Important matrix algebra functions:

In [9]:
print(x.dot(y)) # dot product
print(np.linalg.inv(x)) # inverse
print(x.T) # transpose

[[0.5454652  0.99226198]
 [0.49379751 0.87523343]]
[[-4.12631777  5.41602068]
 [ 4.5646357  -4.15608149]]
[[0.5488135  0.60276338]
 [0.71518937 0.54488318]]


**Exercise:** Let x be a random 100x3 matrix and y a random 100x1 vector. Print the OLS estimator of a regression of y on x.

## Summary Statisics

In [10]:
x = np.random.random(100)
print(x.mean())
print(x.std())
print(x.max())
print(x.min())

0.4710323678966207
0.29141369298399705
0.9883738380592262
0.004695476192547066


## Slicing

This is the same as for lists.

In [11]:
print(z)
print("{},{}".format(z[0,0],z[0,1]))
print(z[0,0:2])
print(z[0,:])
print(z[0:2,0:2])
print(z[:,0].shape)

[[1 2]
 [3 4]
 [4 5]]
1,2
[1 2]
[1 2]
[[1 2]
 [3 4]]
(3,)


Notice that Python annoyingly converts vectors into horizontal form. Sometimes we need vectors to be vertical. Suppose I want to add 1 to the first row of z and 7 to the second.

In [12]:
AddMe = np.array([1,7])
print(AddMe)
print(z[0:2,0:2] + AddMe)
print(AddMe[:,np.newaxis]) # convert to vertical vector
print(z[0:2,0:2] + AddMe[:,np.newaxis])

[1 7]
[[ 2  9]
 [ 4 11]]
[[1]
 [7]]
[[ 2  3]
 [10 11]]


Numpy has functions for generating random numbers. For other distributions, look up `np.random`.

In [13]:
x = np.random.random(5)
print(x)

[0.22308163 0.95274901 0.44712538 0.84640867 0.69947928]
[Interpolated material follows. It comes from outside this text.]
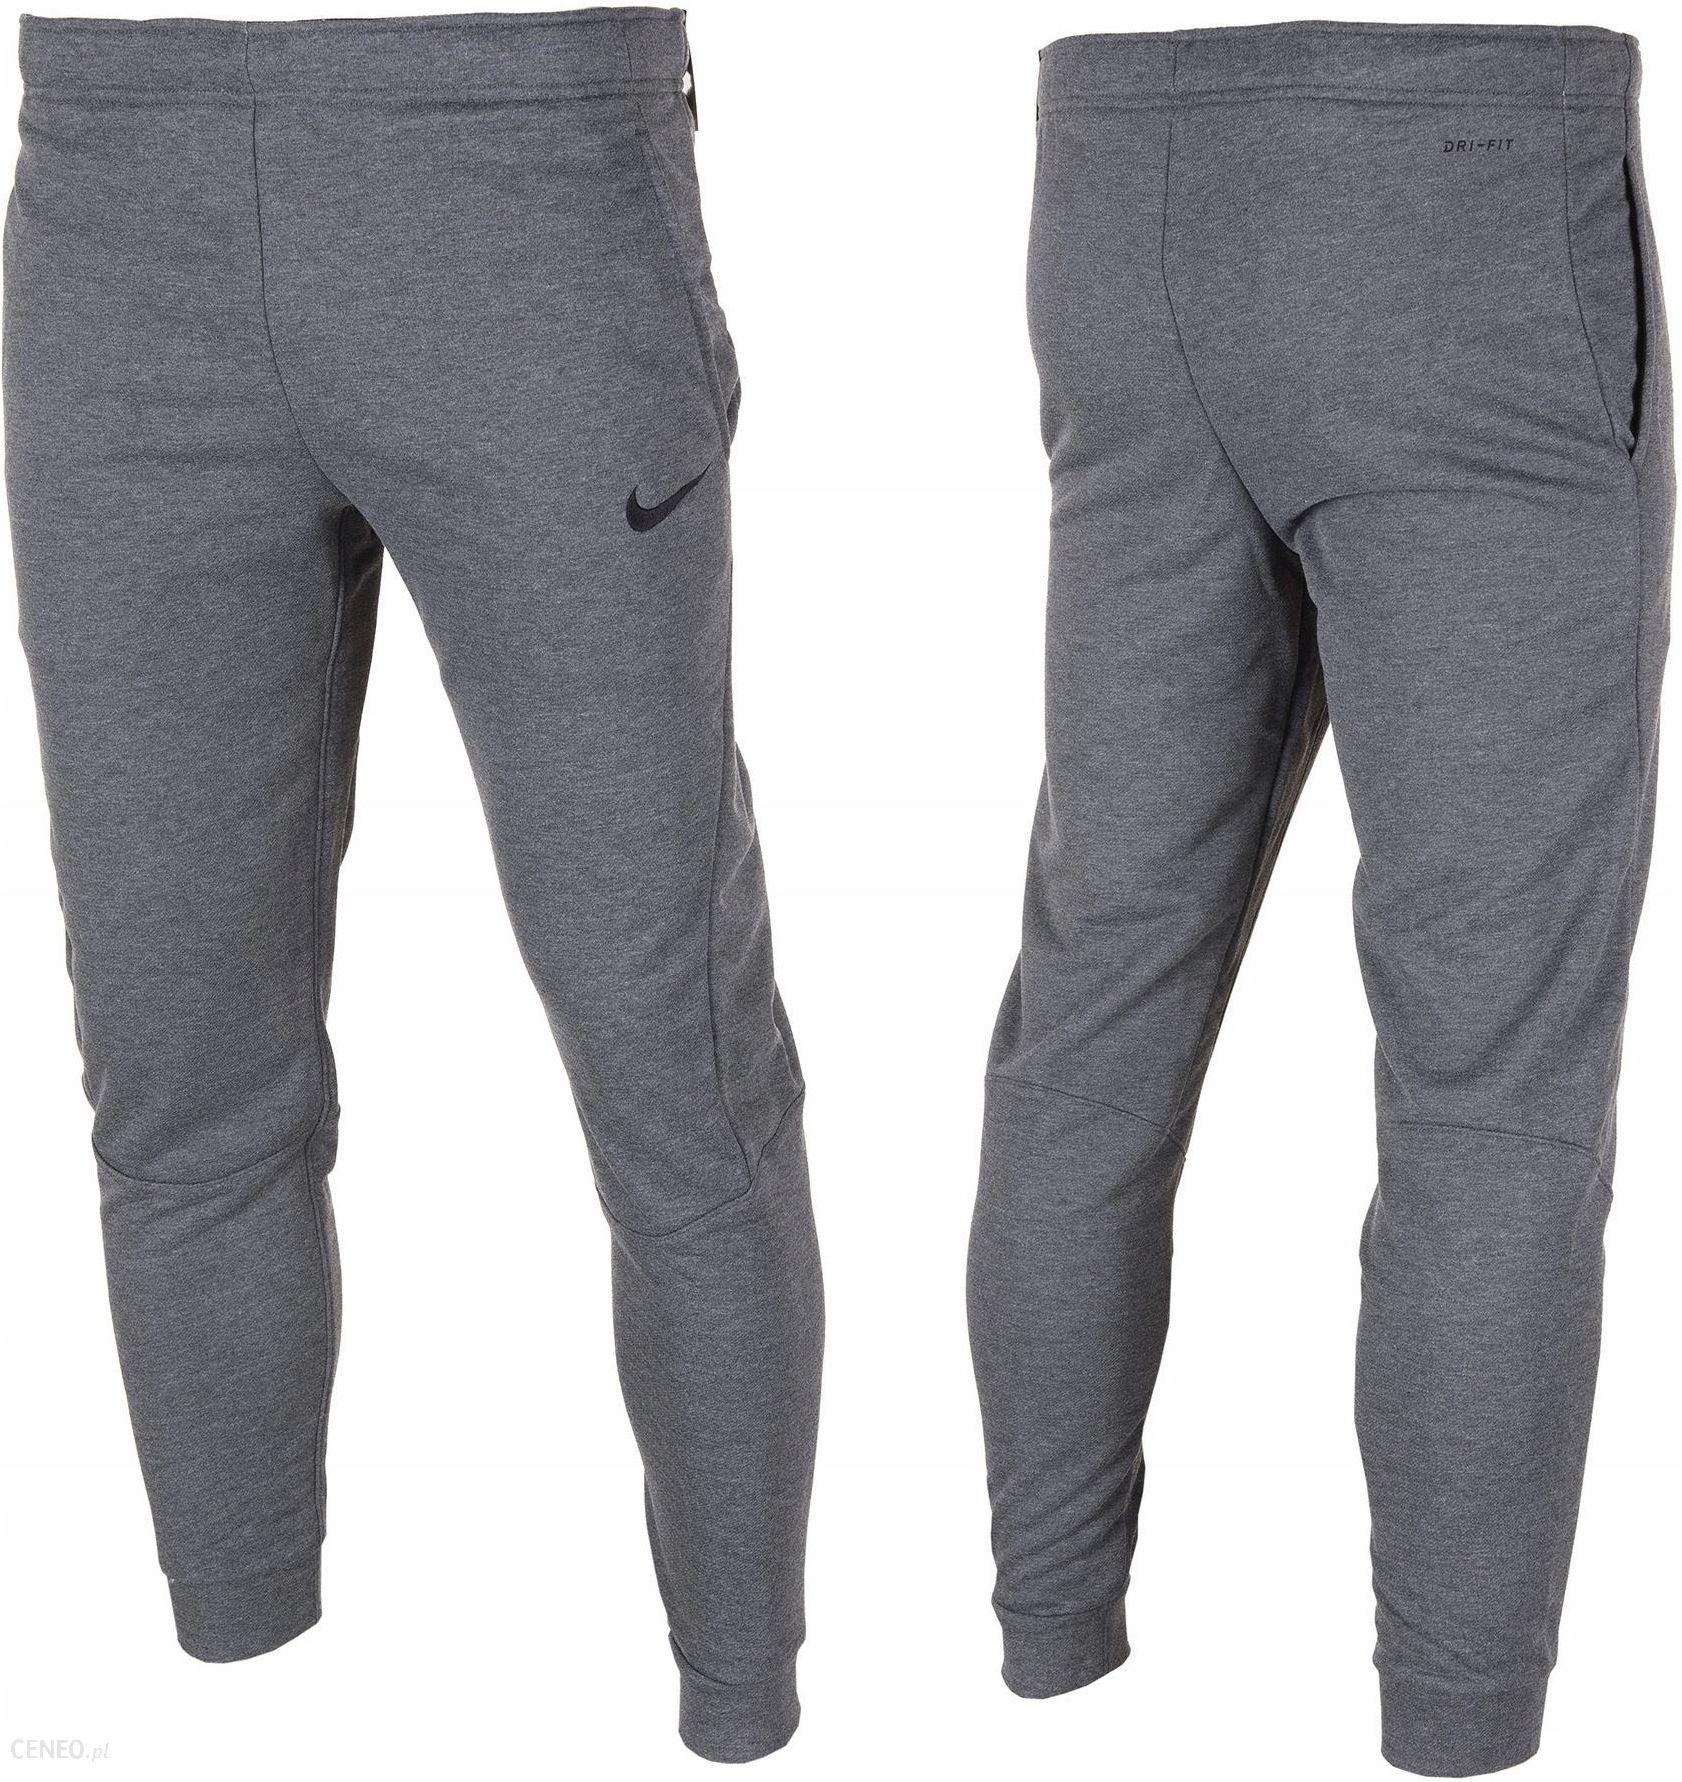 sklep nieźle 50% ceny Nike spodnie dresowe dresy męskie Dry Pant roz L - Ceny i opinie - Ceneo.pl

Here's another slicing trick. Suppose we wanted to print elements of x that are above 0.5.

In [14]:
x = np.random.random(5)
print(x)

indices = x>0.5 # creates a vector of booleans
print(indices)

print(x[indices]) # grabs only components of x whose components in indices are True

[0.29743695 0.81379782 0.39650574 0.8811032  0.58127287]
[False  True False  True  True]
[0.81379782 0.8811032  0.58127287]


**Exercise:** Print the components of x such that their squares are less than 0.25.